Chelsea Hotel wird verkauft:Die wilden Zeiten sind vorbei

Arthur Miller hat sich hier mit Marilyn gestritten, Bob Dylan verewigte es in einem Song, Edie Sedgwick steckte das Mobiliar in Brand: Nun soll das Chelsea Hotel in New York, Wallfahrstort des Pop, verkauft werden.

Jörg Häntzschel

Es ist einer der größten Wallfahrtsorte des Pop. Doch im Gegensatz zum Zebrastreifen auf der Abbey Road oder dem Grab von Jim Morrison auf dem Pariser Friedhof Père Lachaise kann man im New Yorker Chelsea Hotel übernachten. Auch wenn man beim Frühstück kaum den nächsten Bob Dylan entdecken wird: Die Gemeinde aus ergrauten Dauermietern und Post-Bohemiens, die für Folk und Punk zu spät geboren wurden, hält sein Erbe und das der vielen anderen berühmten Bewohner in Ehren.

People are seen on the sidewalk outside the Chelsea Hotel on West 23rd Street in New York

Im Gegensatz zum Zebrastreifen auf der Abbey Road oder dem Grab von Jim Morrison auf dem Pariser Friedhof Père Lachaise kann man hier übernachten: Das New Yorker Chelsea Hotel.

(Foto: Reuters)

Nun jedoch droht dem blühenden Anachronismus an der 23. Straße das Ende. Die Familien, denen das Hotel seit 65 Jahren gehört, wollen verkaufen. "Es ist Zeit, dass ein neuer Besitzer mit innovativen Ideen das Chelsea revitalisiert", sagte Paul Brounstein, einer ihrer Sprecher. Und ergänzte eilig: "Egal, wer es besitzt, das Chelsea bleibt immer das Chelsea." Doch die Firma, die den Verkauf abwickeln soll, schreibt auf ihrer Website etwas "von potentiellen Redevelopment- und Repositionierungsstrategien", die das Hotel biete.
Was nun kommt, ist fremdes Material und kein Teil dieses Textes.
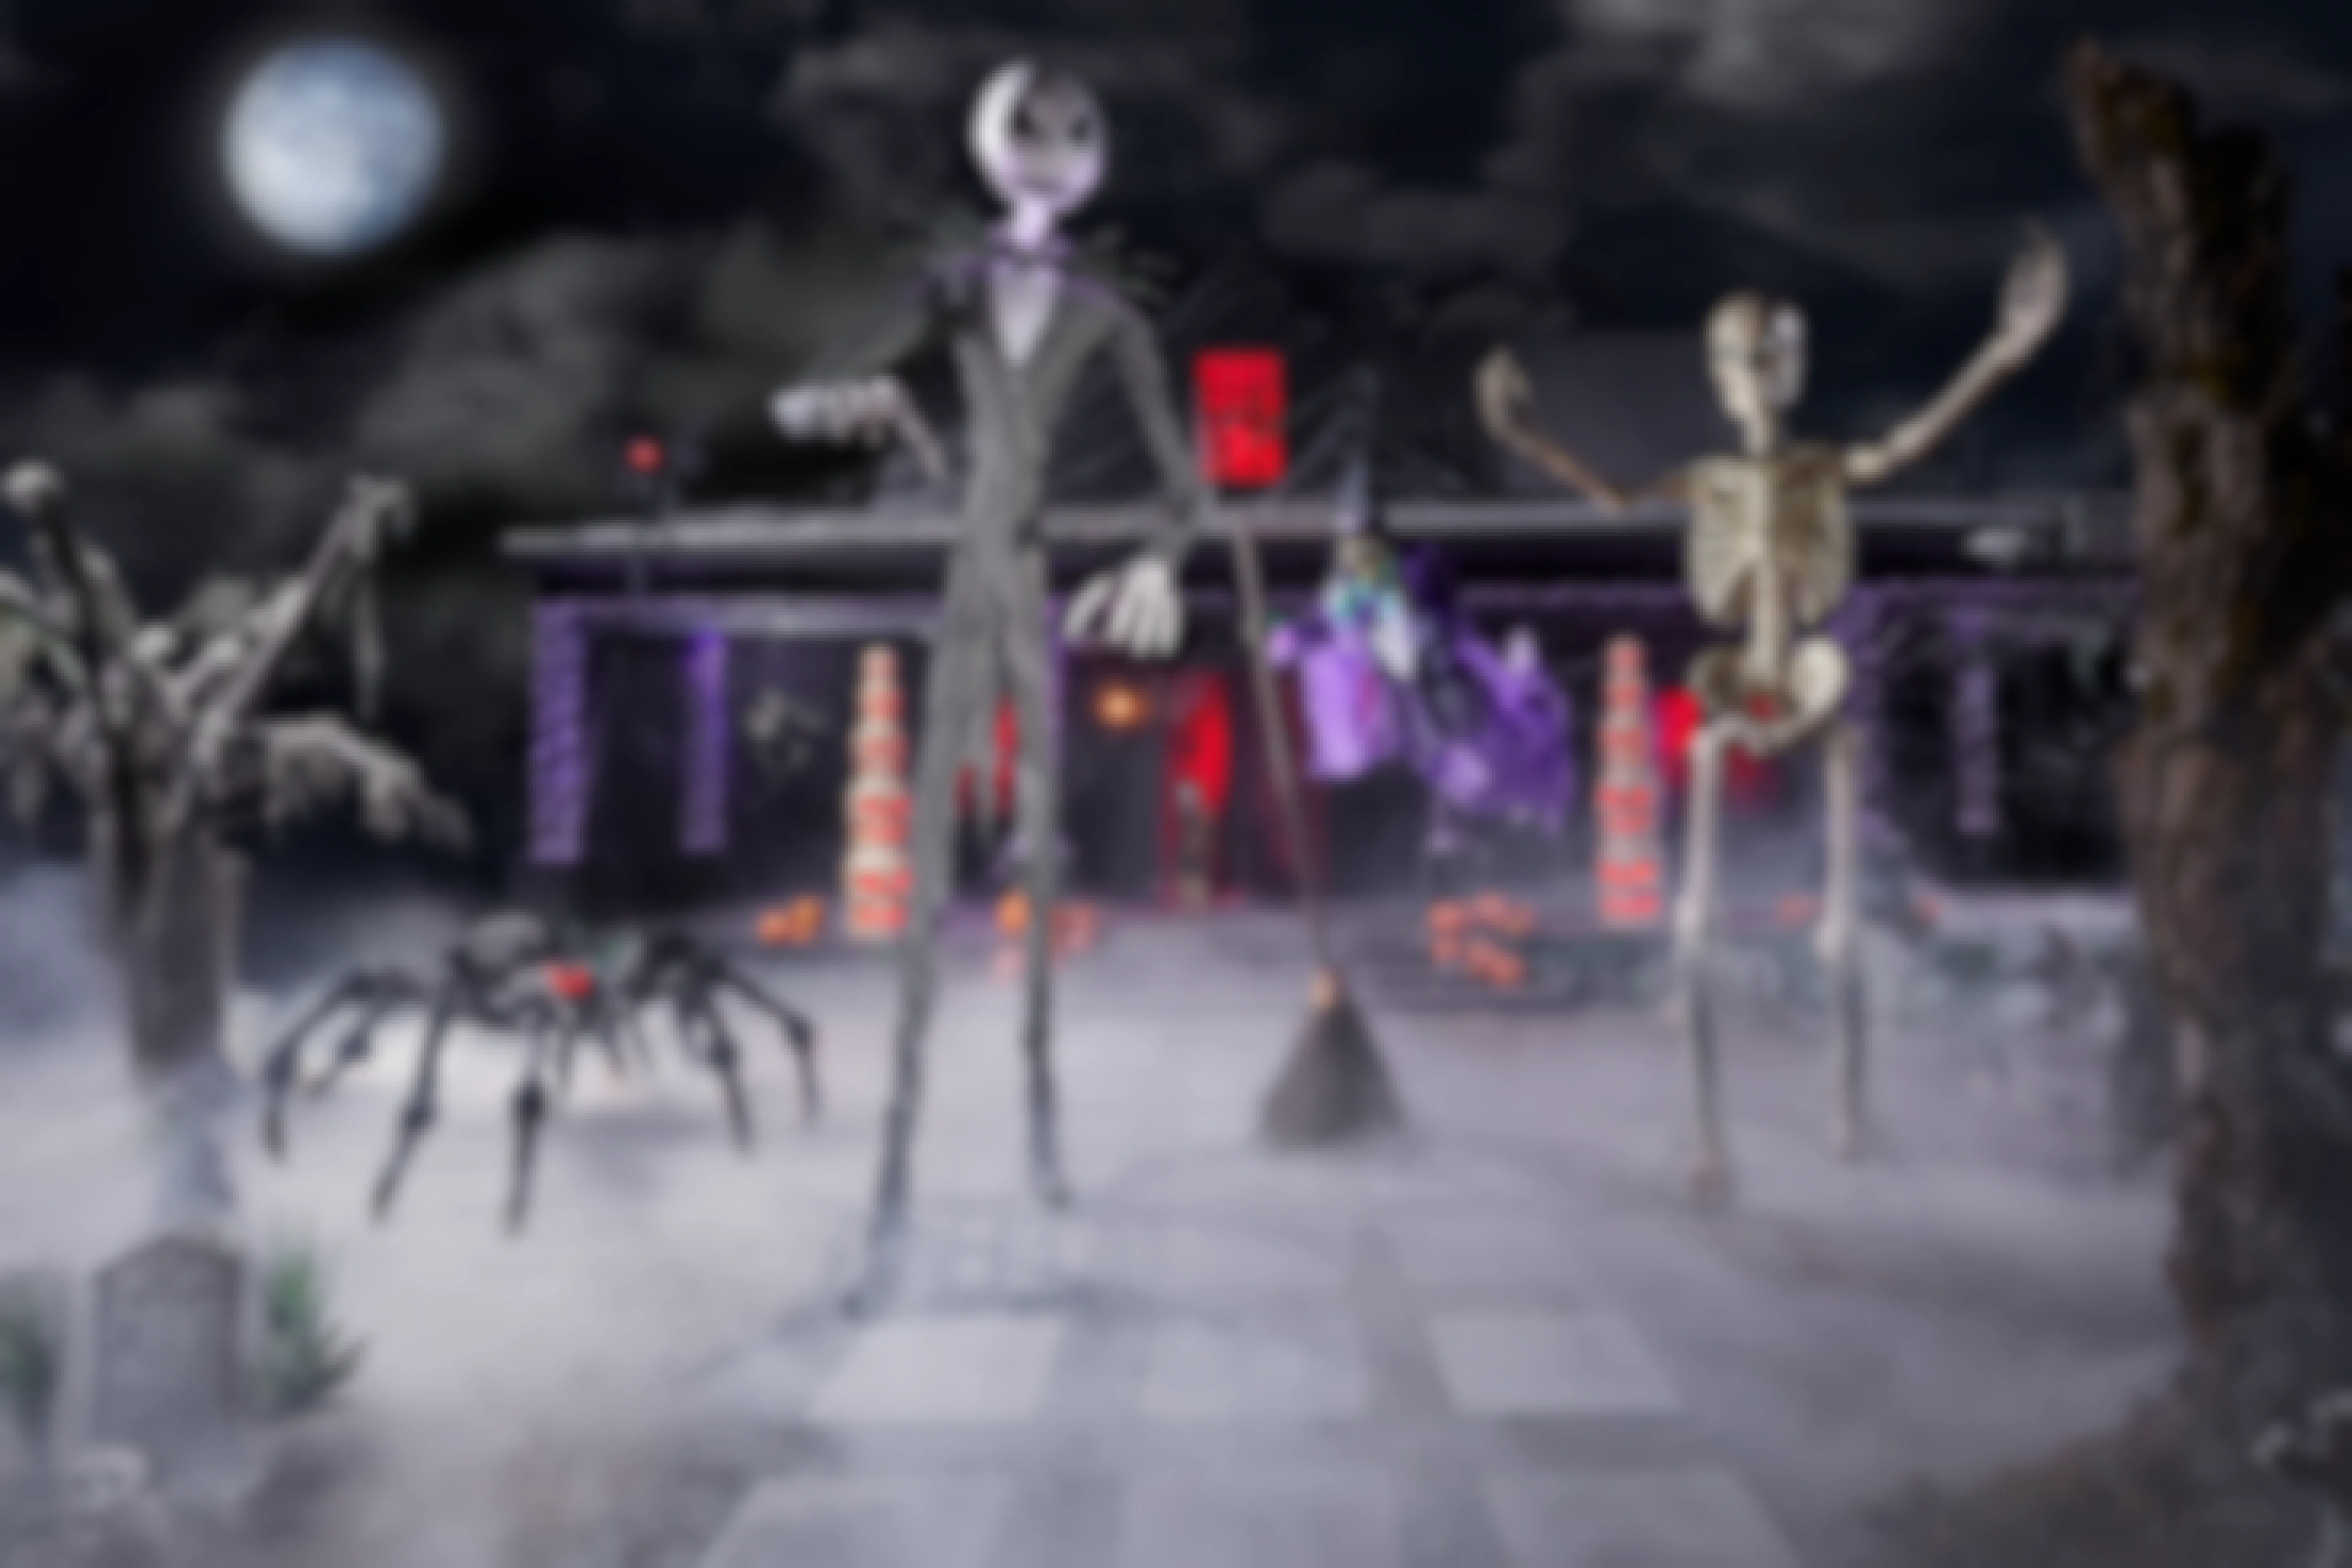 Jack Skellington and other Halloween decor in a foggy setting.

Das klingt nicht gut.

Gebaut wurde der Backsteinkoloss 1884 als Apartmentgebäude. Mit seinen zwölf Stockwerken war es das höchste Haus von Manhattan. Von da an ging es dann abwärts. 1905 wurde es in eines jener New Yorker Hotels umgewandelt, in denen man eine Nacht bleiben kann oder für immer. Außer Mark Twain und Sarah Bernhardt lebten hier vor allem Seeleute, Immigranten und Verlassene.
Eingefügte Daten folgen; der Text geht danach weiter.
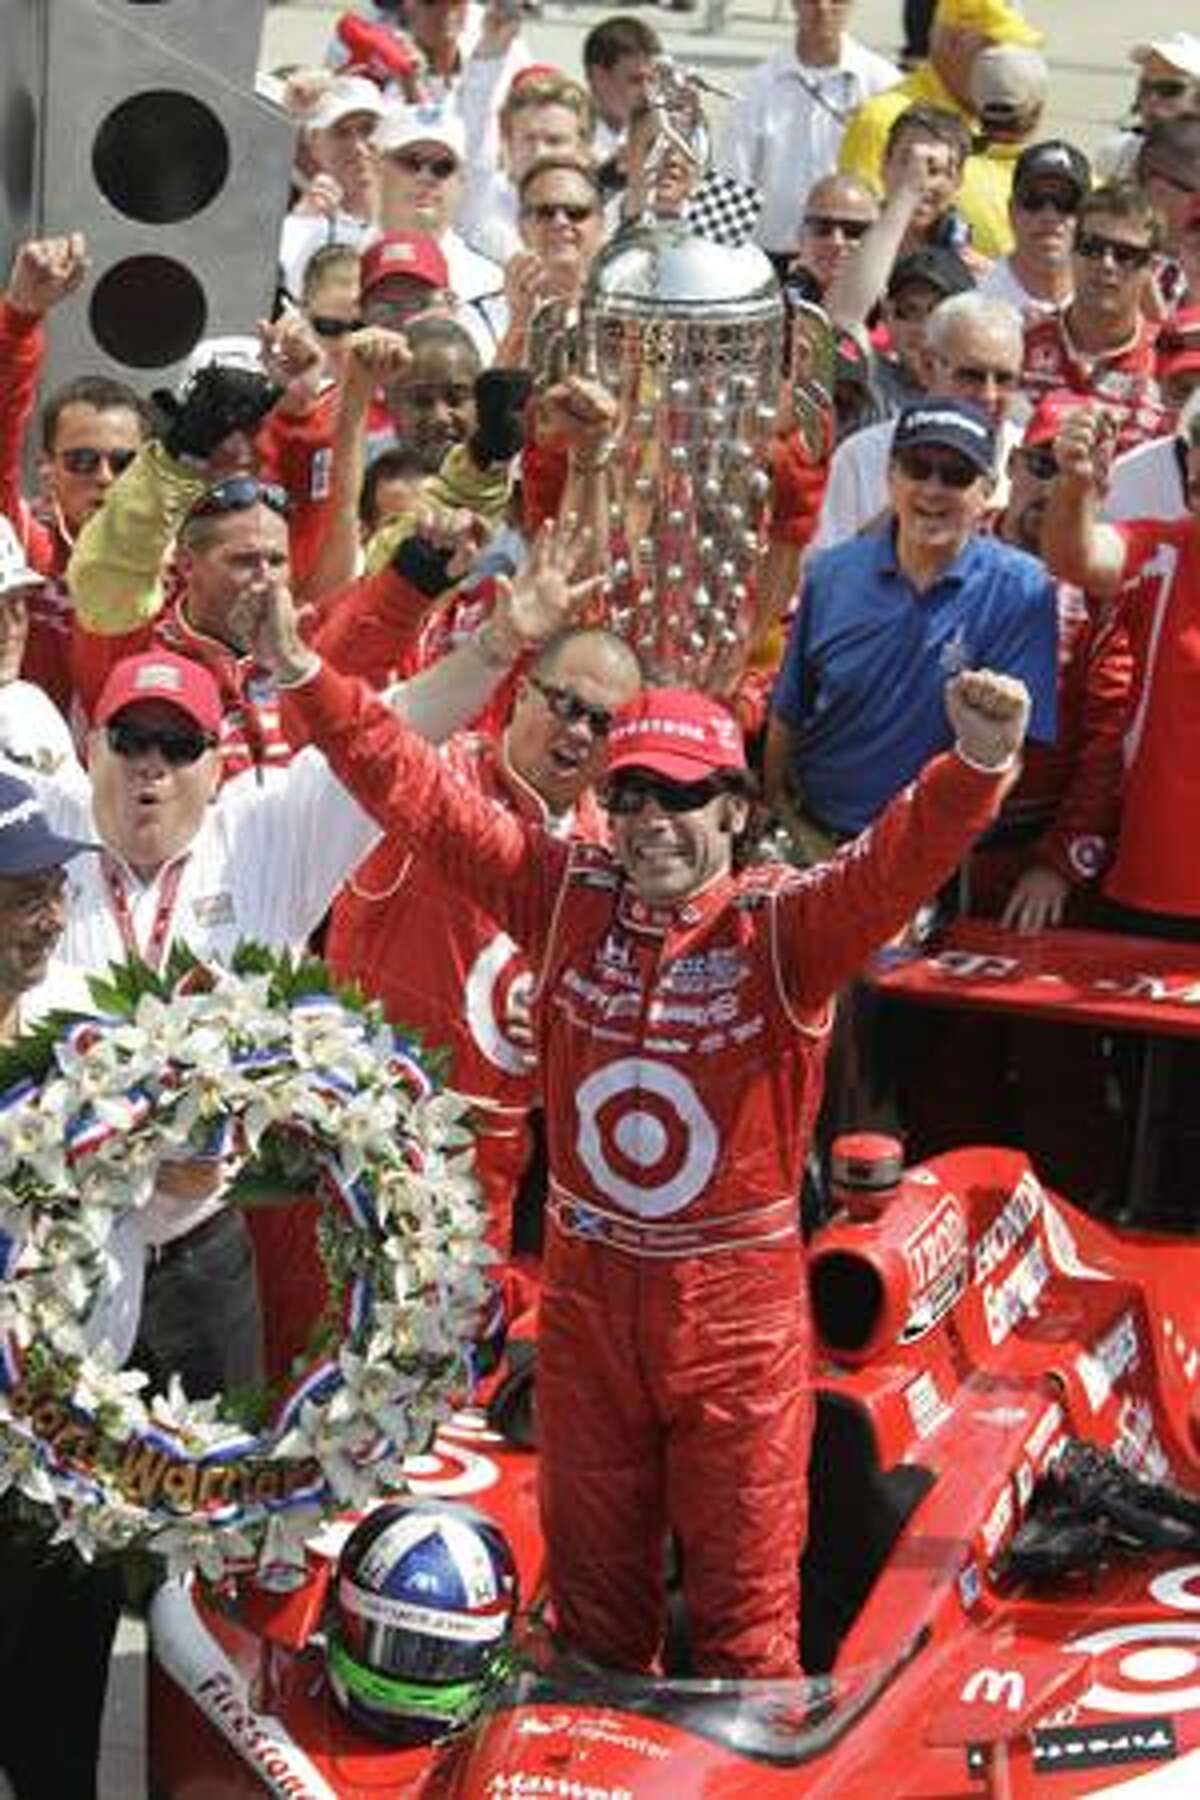 Dario Franchitti, of Scotland, celebrates after winning the Indianapolis 500 auto race at Indianapolis Motor Speedway in Indianapolis, Sunday, May 30, 2010. At left in white is team owner Chip Ganassi. At rear is the Borg-Warner Trophy. (AP Photo/Michael Conroy)

Doch seit 1939 der ungarische Einwanderer David Bard das Hotel übernahm, entwickelte es sich zu einer Art vertikalem Quartier Latin. Der Schriftsteller Thomas Wolfe und der Dramatiker Eugene O'Neill lebten hier, dann kamen Edith Piaf und Gore Vidal, Tennessee Williams und Willem de Kooning.

Leben mit Legenden

Begründet wurde der Mythos des Chelsea in den Sechzigern. Bob Dylan sang davon, wie er hier "Sad-Eyed Lady of the Lowlands" schrieb; Leonard Cohen schmachtete mit seinem sterbenstraurigen "Chelsea Hotel No. 2" Janis Joplin nach; Andy Warhol drehte "Chelsea Girls". Arthur Miller stritt mit Marilyn Monroe, Edie Sedgwick steckte mit ihren Zigaretten das Mobiliar in Brand. 1978 erstach Sid Vicious von den Sex Pistols in Zimmer 100 seine Freundin Nancy Spungen, bevor er wenig später im selben Bett an einer Überdosis starb.

Wen kümmerte es angesichts von so viel Geschichte, dass der Komfort auf der Strecke blieb? In den Fluren des Hotels fühlt man sich wie in einer Behörde in Budapest. Heizung und Aufzüge sind seit Jahrzehnten nicht erneuert worden. Und die Bilder in der Lobby, mit denen verarmte Künstler dem vor drei Jahren geschassten Hotelmanager Stanley Bard die Zimmermiete bezahlten, sind auch nicht alle Weltklasse.

Dass die Besitzer irgendwann verkaufen würden, war absehbar. Ebenso unausweichlich scheint die Zukunft des Chelsea als Boutique-Hotel. Man sieht sie schon vor sich, die sorgfältig präparierten Funde aus den wilden Zeiten, die die frischgestrichenen Wände schmücken. Noch letzte Woche beklagte Ed Hamilton, der den Chelsea-Hotel-Blog "Living with Legends" schreibt, dass ein im Hotel gedrehter Levis-Spot die Underground-Kulisse des Chelsea für Jeanswerbung ausbeute. Der Mann hatte Sorgen! Seitdem hat man nichts mehr von ihm gehört.